Cash Credit vs Overdraft: What is the difference?

Both are cages. One gold-plated, another regular. 

So this is how it starts. You have an idea for your business, a real multi-million dollar one. You are excited, ready to put inhuman hours and struggle to make it succeed. Your friends and family are totally with you. You potentially have a vast customer base. Nothing is going to stop you from establishing the next unicorn. You have all you need except one thing. And your business will fail in the absence of that one tangible factor: CAPITAL.

Let's face it: of course, you will put your own money into the business, and you may secure quasi capital also, but before your business becomes large enough to attract angel funding, you need debt to scale your business. And at this stage of your business, you have two options: Cash Credit and Current Account Overdraft. Let's see the instruments closely.

Cash Credit Account

Cash Credit is a short-term loan specifically designed to help small and medium-scale businesses during a liquidity crunch. Also called a Working Capital Loan, the typical duration for a Cash Credit account is 12 or fewer months. The interest rate is lower than overdrafts. The interest is charged on the utilised limit of the daily closing balance and not on the sanctioned limit.

For example, for a cash credit account, if the sanctioned limit is rupees one lakh and on one day, the maximum daily closing balance is rupees fifty thousand; then for that day, interest will be charged on a maximum of fifty thousand rupees. And not on one lakh rupees. There can be an under-utilisation clause in the agreement, where the interest can be charged if the limit is not utilised up to a specific limit. For example, if the set limit is 30% and you use less than thirty thousand for a month, you will be charged a penalty. This interest rate is considerably lower than the cash credit interest rate.

Cash credit loans are a line of credit that can be utilised based on the need. It is given against collaterals. Hence it is secure. The collaterals can be stocks and receivables and can also be immovable properties, machinery, personal guarantees of the promoters, etc. Banks and financial institutions appraise the performance of the business by evaluating past financial statements and future projections. The gap in working capital, which is current assets minus current liabilities, is calculated, and on that basis, Working Capital Loan is sanctioned to bridge the gap. The cash credit loan can further be divided into Key Cash Credit (KCC) and Open Cash Credit (OCC).

Key Cash Credit:

The main difference between KCC and OCC is how charges can be made on primary collaterals. For KCC, the owner locks the stock in the godown and hands over the key to the bank. As and when the customer remits some money to the financial institution, stock of the equivalent amount can be released from the godown. Depending on the customer's drawing power, an additional amount can be released from the bank if equivalent stock is loaded in the godown.

Open Cash Credit:

Here, the stock or the key is not given to the lender. The borrower is free to use the hypothecated stock at his discretion. The terms and conditions of the loan are governed under an agreement called a hypothecation deed. Normally raw materials, work-in-progress goods, finished goods, etc., are hypothecated under OCC.

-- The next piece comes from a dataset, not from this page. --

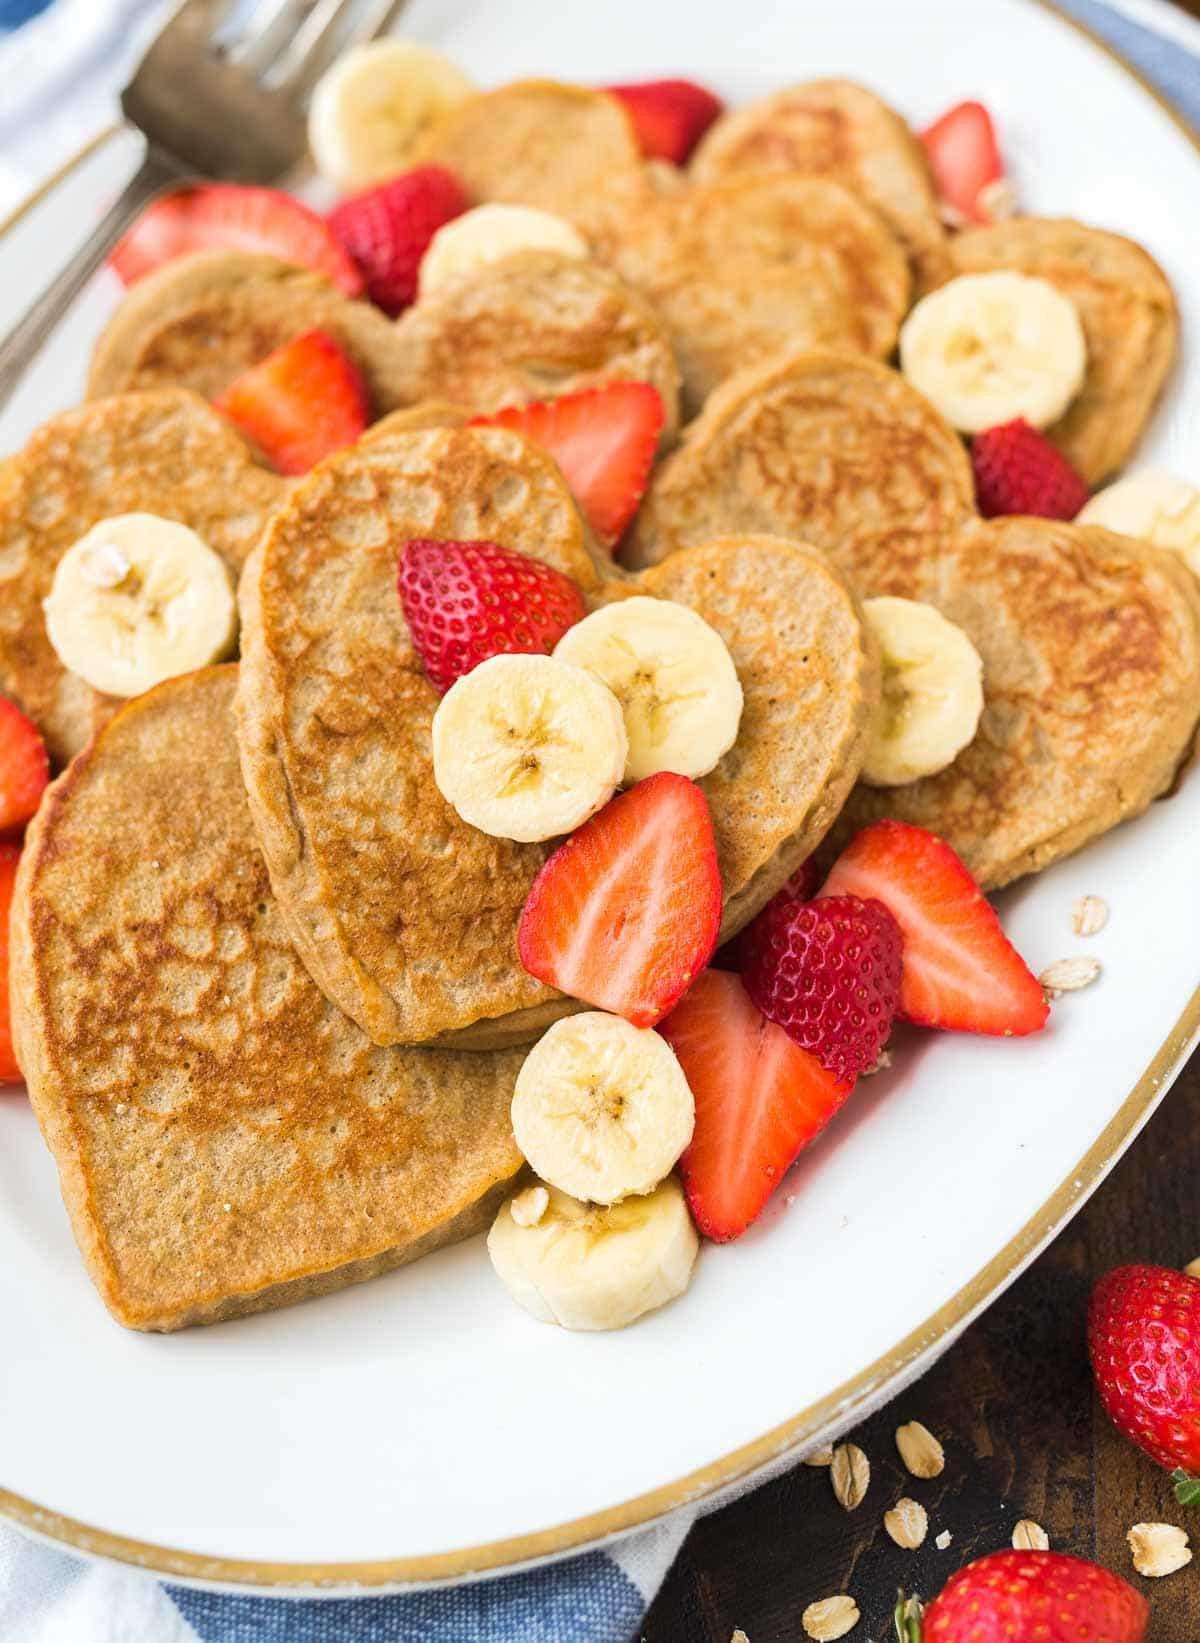 Healthy Pancakes With Oats  Banana Oatmeal Pancakes

There are similarities and differences between a working capital loan and overdraft accounts. Like Working capital loans, overdrafts can have a limit to which money can be withdrawn. Here, no new loan account is created. OD is a short form of overdraft, where a limit is given on an existing current (or savings) account. Here, money can be withdrawn even when there is no fund in the account. The account can go to a negative balance that the financial institute or bank authorises. The approved limit of the overdraft is sanctioned based on the borrower's relationship with the lender. The creditworthiness of the borrower also plays a vital part in it. Here too, the bank only charges an interest rate on the limit utilised till the day's end and not on the total sanctioned limit. 

Secure Overdraft:

For secure overdraft, some collateral is required. For example, a fixed deposit of one lakh rupees can be kept in the bank for a limit of one lakh rupees. It works as security while the customer keeps on earning interest on the fixed deposit. In case of default, the financial institution can liquidate the fixed deposit account.

Clean Overdraft:

For clean overdraft, as the name suggests, no security is needed. It is a kind of unsecured loan. It is given based on the relationship between borrower and lender only.

Difference between Cash Credit and Overdraft

Although there are similarities between cash credit and overdraft, there are many differences between these two financial instruments. Let's discuss some of the major differences.

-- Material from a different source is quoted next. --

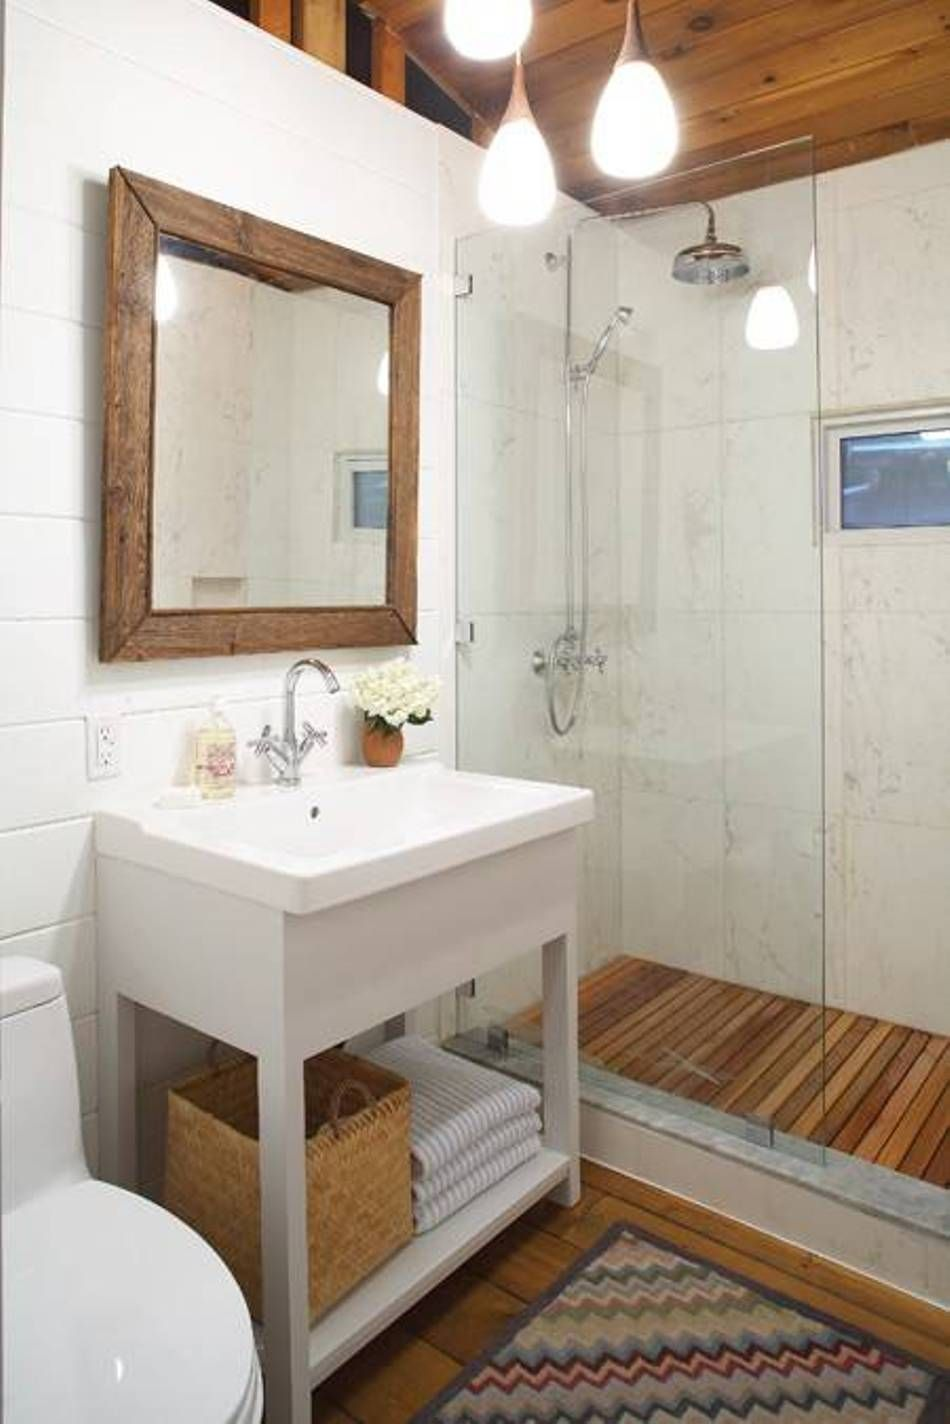 Modern bathroom pendant lighting - 25 Scandinavian Bathroom Design Ideas

  • Tenure: Working Capital Loan, aka Cash Credit loan, is a short-term loan, generally for one year.

An overdraft facility is generally a long-term credit facility.

  • End-use: Cash Credit loan is given to meet the working capital requirements of a business. An overdraft facility can be provided for personal and business use, to be used for any purpose.
  • Account: For cash credit loans, a new loan account is created. That might be subsequently renewed over time. For overdraft, the limit is sanctioned on existing savings or current accounts.
  • Interest Rate: The interest rate of a cash credit account is relatively lower than that of an overdraft account.
  • Collaterals: Stocks and receivables are the primary security for cash credit loans. It can further be secured by fixed assets, machinery, personal guarantee of promoters, etc. For overdraft accounts, primary security is deposits and financial statements.
  • Maximum Allowed Limit: The maximum allowed limit for a cash credit account is calculated based on sales and stock figures. A certain percentage of working capital need has to be matched by the own fund of promoters, and only the rest of the amount is given as a working capital loan. For overdraft loans, it is calculated based on financials and security amount.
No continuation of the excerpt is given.